The results of these changes are clearly reflected in Fig. 2 and based on 4,935 calls, call success rate climbed from 37.8% (Confidence Interval (CI) [37.27–38.35%]) to 63.7% (CI [63.04–64.41%]) owing to an increase in the speech recognition accuracy. The accuracy not only improved due to the cleaning of training data but also due to a reduction in the multiple word utterances (from 44.6 to 38%) and OOVs (from 6.9 to 2.2%), calculated based on 10,088 recordings (Fig. 3). The average number of speech recognition attempts per call also increased from 1.36 to 1.83 as the system started doing a better job retaining the users for longer interactions.
Stage-3: ASR adaptation to field data, push-button fallback, and user feedback
Next, we identified the following updates to resolve more interface problems. We refer to this as Stage-3 as shown in Table 1.
ASR adaptation to field data
As mentioned earlier the ASR performed very well when tested with recordings from the District Name Corpus (DNC) but poorly on actual field data as shown in the top part of Table 2. An ASR trained with 33,155 DNC utterances and tested with 8288 DNC utterances resulted in an accuracy of 93%. But when trained with 41,443 DNC utterances and tested with 586 field utterances, the resulting accuracy came out to be 65.36%.
We decided to remedy this by transcribing the data gathered from the field and using it to retrain the system in addition to the DNC. The bottom half of Table 2 shows the results. Trained with a mixture of 33,000 DNC utterances and 6022 field utterances and tested with a mixture of 2000 field utterances and 7755 DNC utterances, the system performed at an accuracy of 93.42%. When trained with 48,778 (39,022 DNC + 9755 fields) utterances and tested with 2609 field-only utterances the accuracy still remained at 92.56%. This new ASR was made a part of the weather service.
Push-button fallback to area codes
In order to cater to users who find it hard to appropriately provide speech input to the system (e.g. those who call from a noisy environment or cannot pronounce the names well enough), we deemed important to provide a back off to push-button modality. Although more tedious than spoken input, the push button modality tends to be highly accurate (Sherwani et al. 2007).

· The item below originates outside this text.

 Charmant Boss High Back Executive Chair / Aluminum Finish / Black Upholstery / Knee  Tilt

The biggest challenge was to find out a way to allow users to specify one of 139 districts using only 10 numerical keys on their keypad. Several options including postal codes, union council numbers, election area codes etc. were considered. Interviews were performed with a sample of target users to find out the input type most popular among them. Finally, landline telephony area codes were chosen as the most commonly known location identifier. We updated the interface to back off to the numerical entry of 3–4 digit landline area codes in case of three failed attempts at spoken input recognition. We also added a second fallback mechanism described later.
We added two different user feedback options. A structured feedback prompt after weather information is played to a user:
“If you are satisfied with the weather forecast that has been played to you, press 1; otherwise press 2.”

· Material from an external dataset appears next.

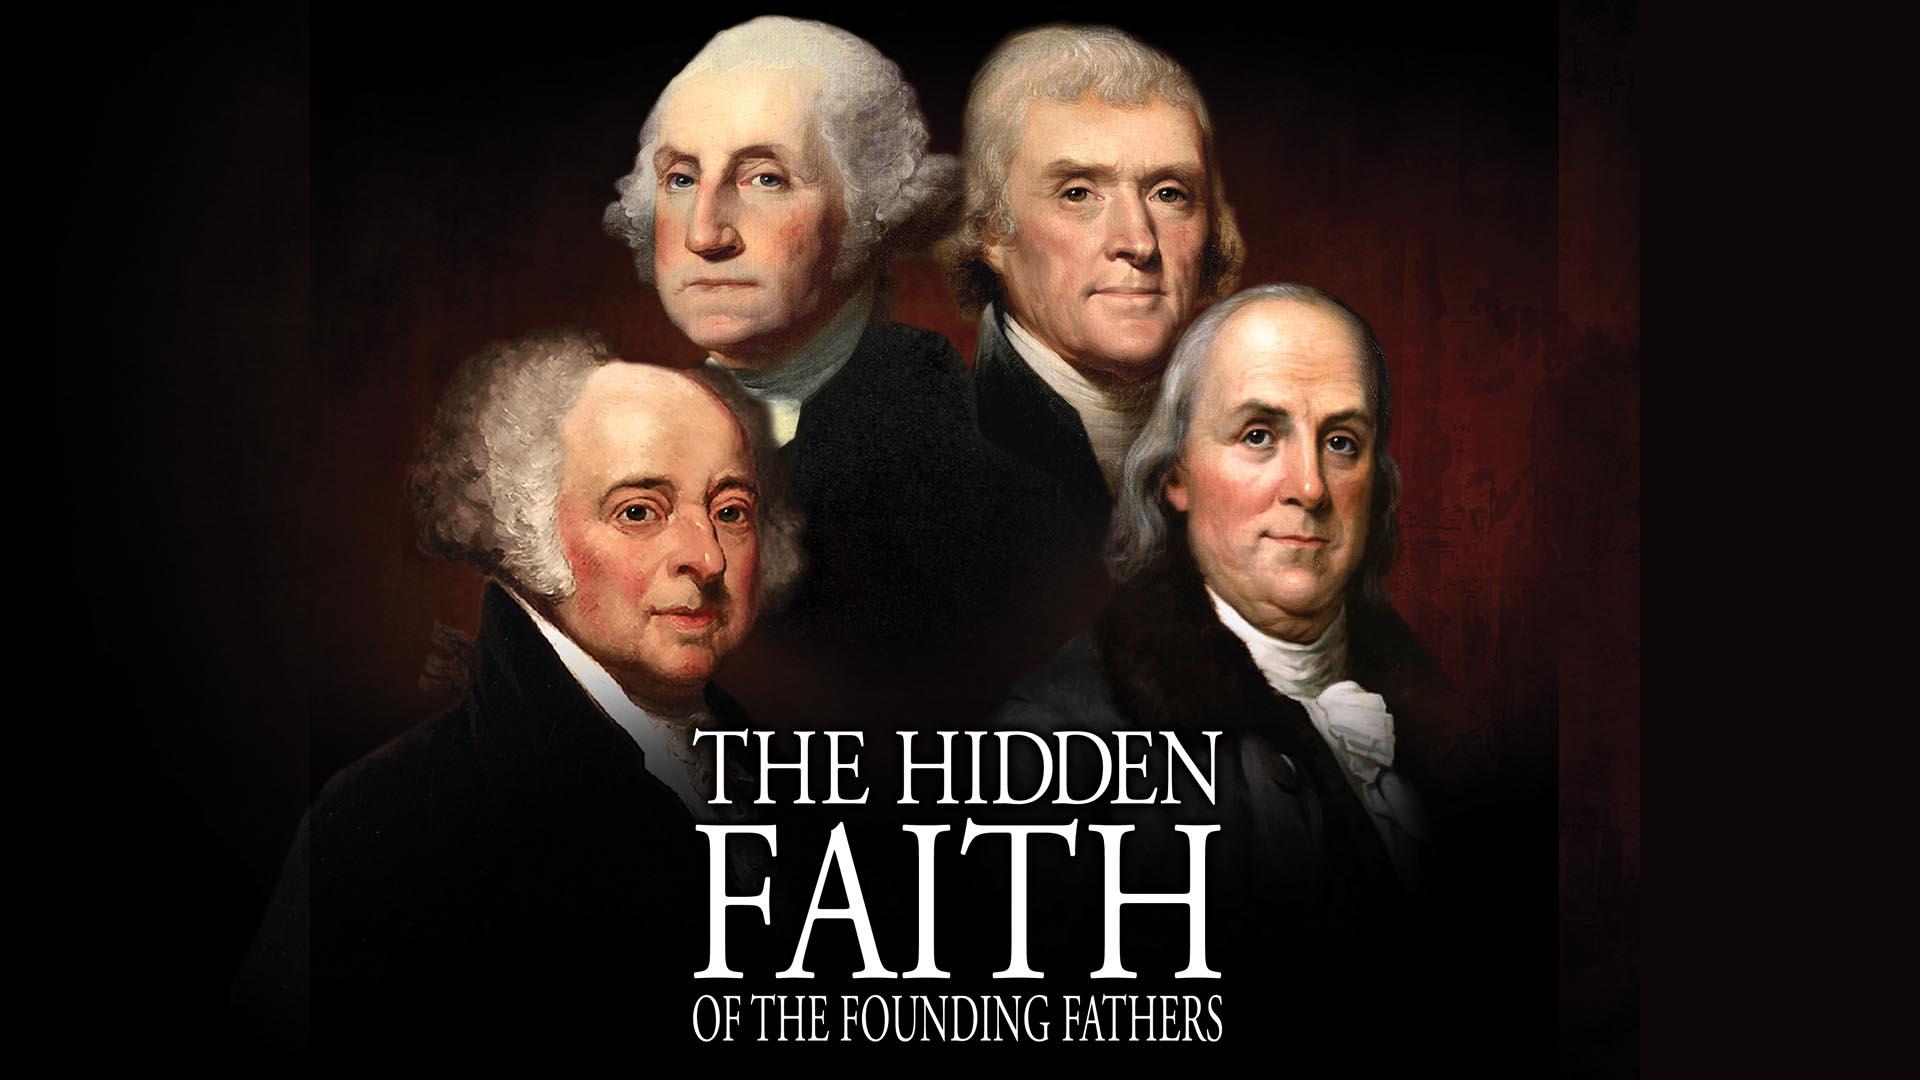 The Hidden Faith of the Founding Fathers -

Users who press 2 are directed to the push-button based area code entry option. The second feedback option was added at the very end of interaction where the users are asked to record their feedback and suggestions. This feedback is gathered in the form of unstructured speech and later annotated and reviewed by our annotators. Users are allowed up to a minute to record their suggestions.
As we see in Fig. 2, these changes further improved the call success rate to 89% (N = 1360 calls and CI [88.35–90.03%]). This increase is clearly due to both a major improvement in the spoken input recognition accuracy (69.3% of all calls succeeded because of it) and the back off to area code entry option (responsible for the success of the remaining 18.4% of calls that would have otherwise failed). Figure 3 shows that the multiple words further decreased to 29.7%, however, OOVs increased slightly to 3.7%.
Stage-4: adapting to the users
An analysis of call data showed a significant trend for users to ask for the same location each time they call. We found that in 37% of 15,648 calls, users had asked for locations that they had inquired about previously. This makes sense as a typical farmer would remain interested in the location of his crops. We learned about the locations-of-residence of 289 users of the service through telephonic surveys (described in section “User Surveys”). We found that these users asked about the weather of their home district in 28.9% of their 280 calls to the weather service. However, WIS interface required users to go through the process of entering their input location each time they called. Therefore, in order to make our system adapt to the locations of our users, we added phone number based user profiles and associated the last successfully recognized location with that phone number. As a result, once users successfully input a location, a summary of the forecast for that location gets played at the beginning of their subsequent calls before they are asked to speak out the name of a district.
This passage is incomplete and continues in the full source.